* **Task details**: Pictures aside, quote the whole listing exactly.

* **Stored data**:
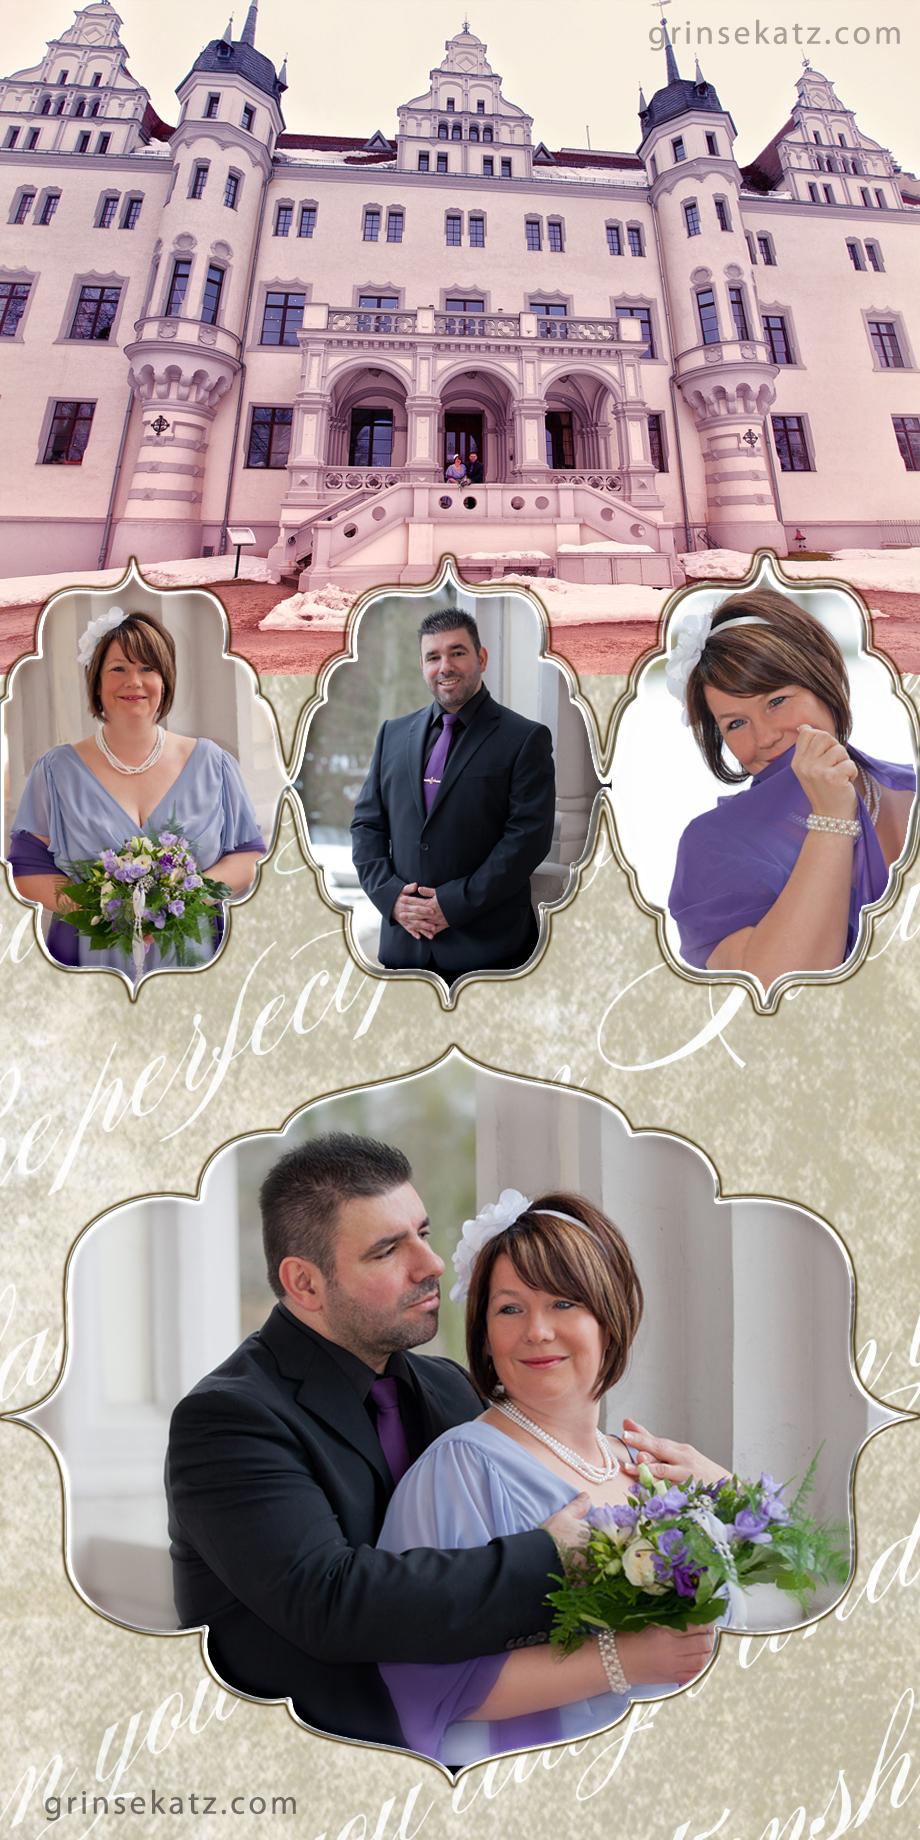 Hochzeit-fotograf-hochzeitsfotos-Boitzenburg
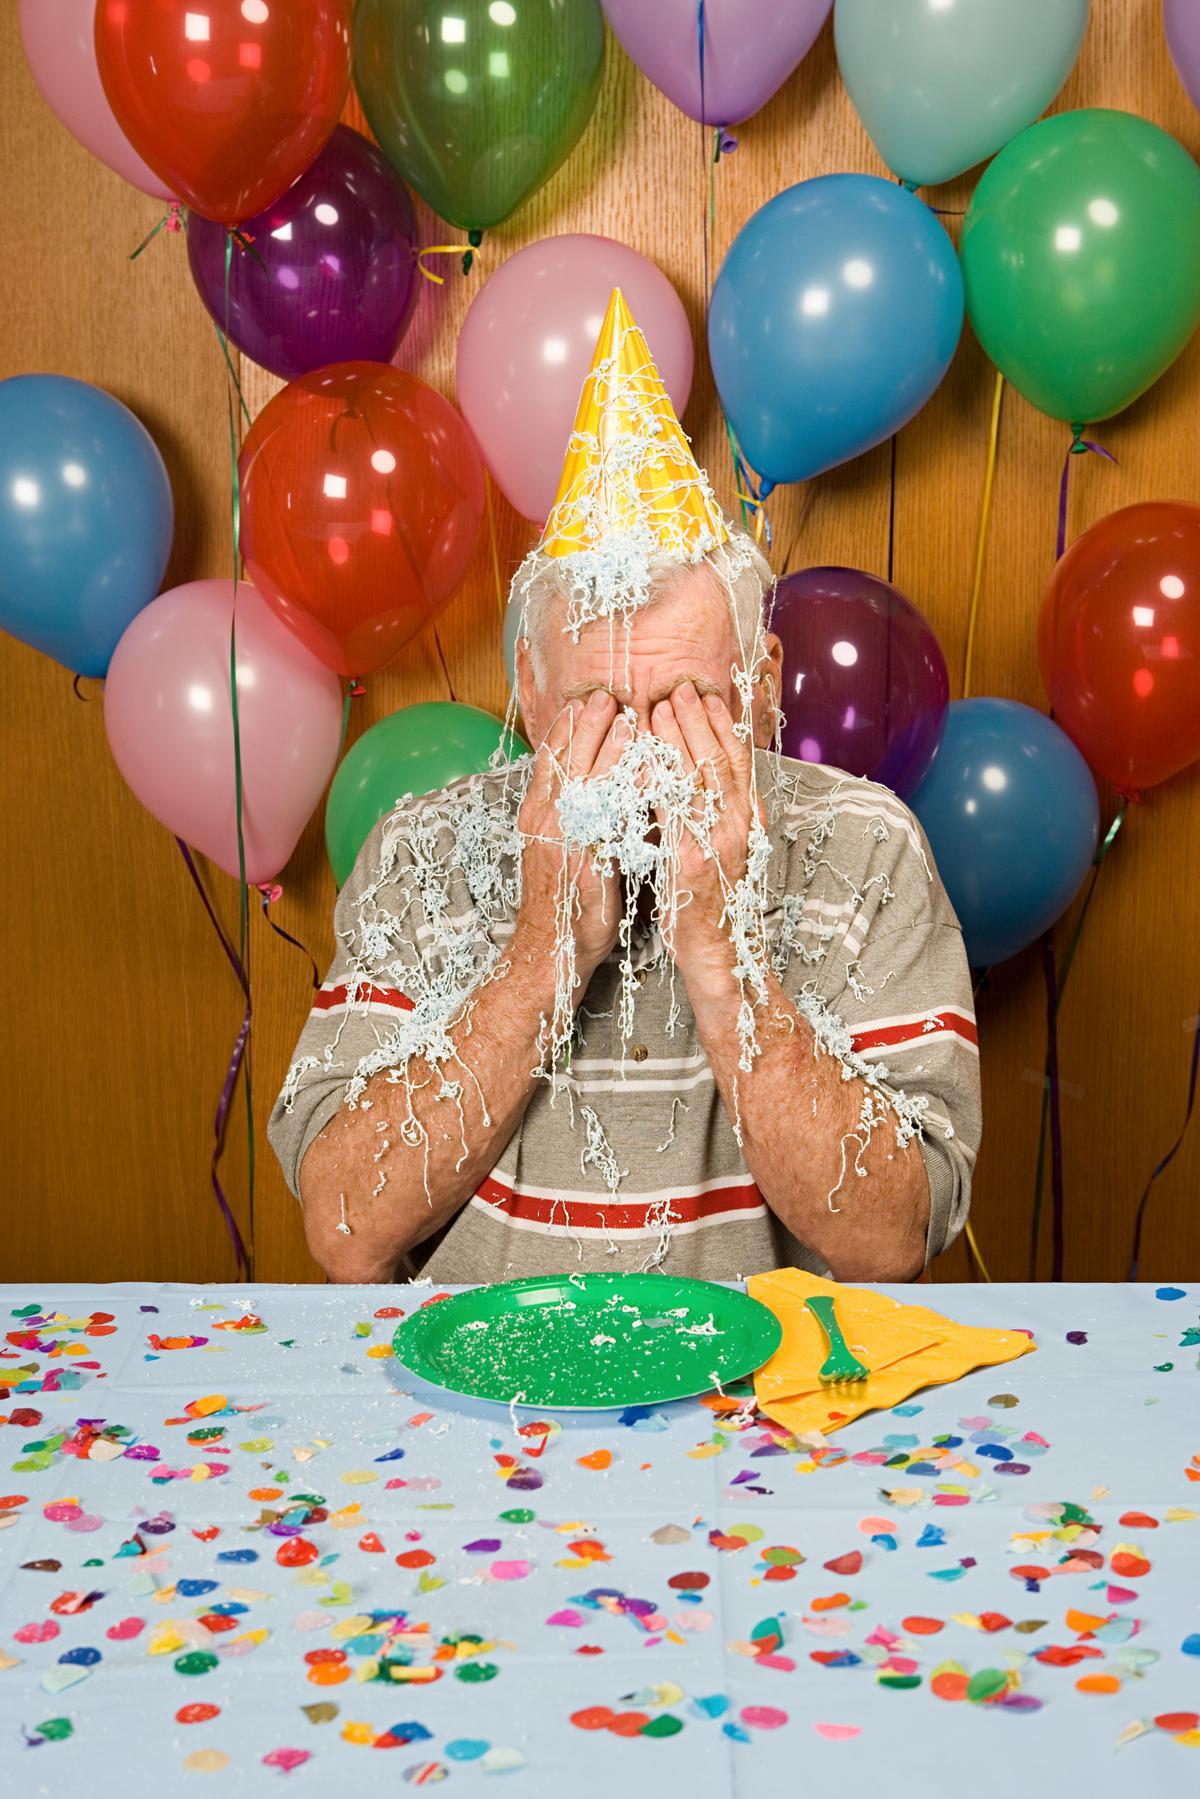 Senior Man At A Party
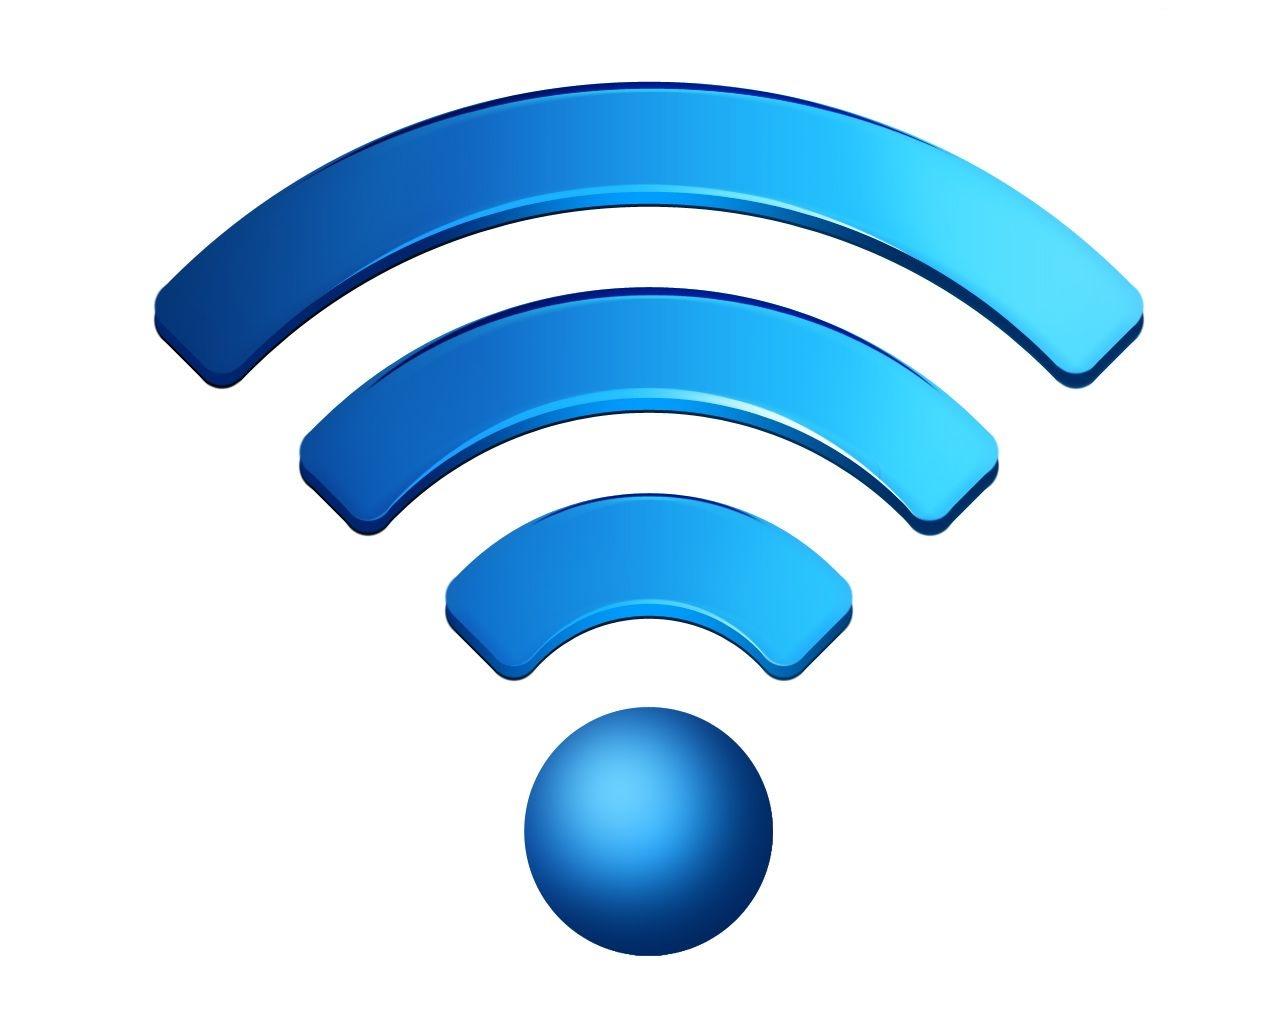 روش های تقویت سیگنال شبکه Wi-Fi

* **Exercise answer**:
 Hochzeit-fotograf-hochzeitsfotos-Boitzenburg
 Senior Man At A Party
 روش های تقویت سیگنال شبکه Wi-Fi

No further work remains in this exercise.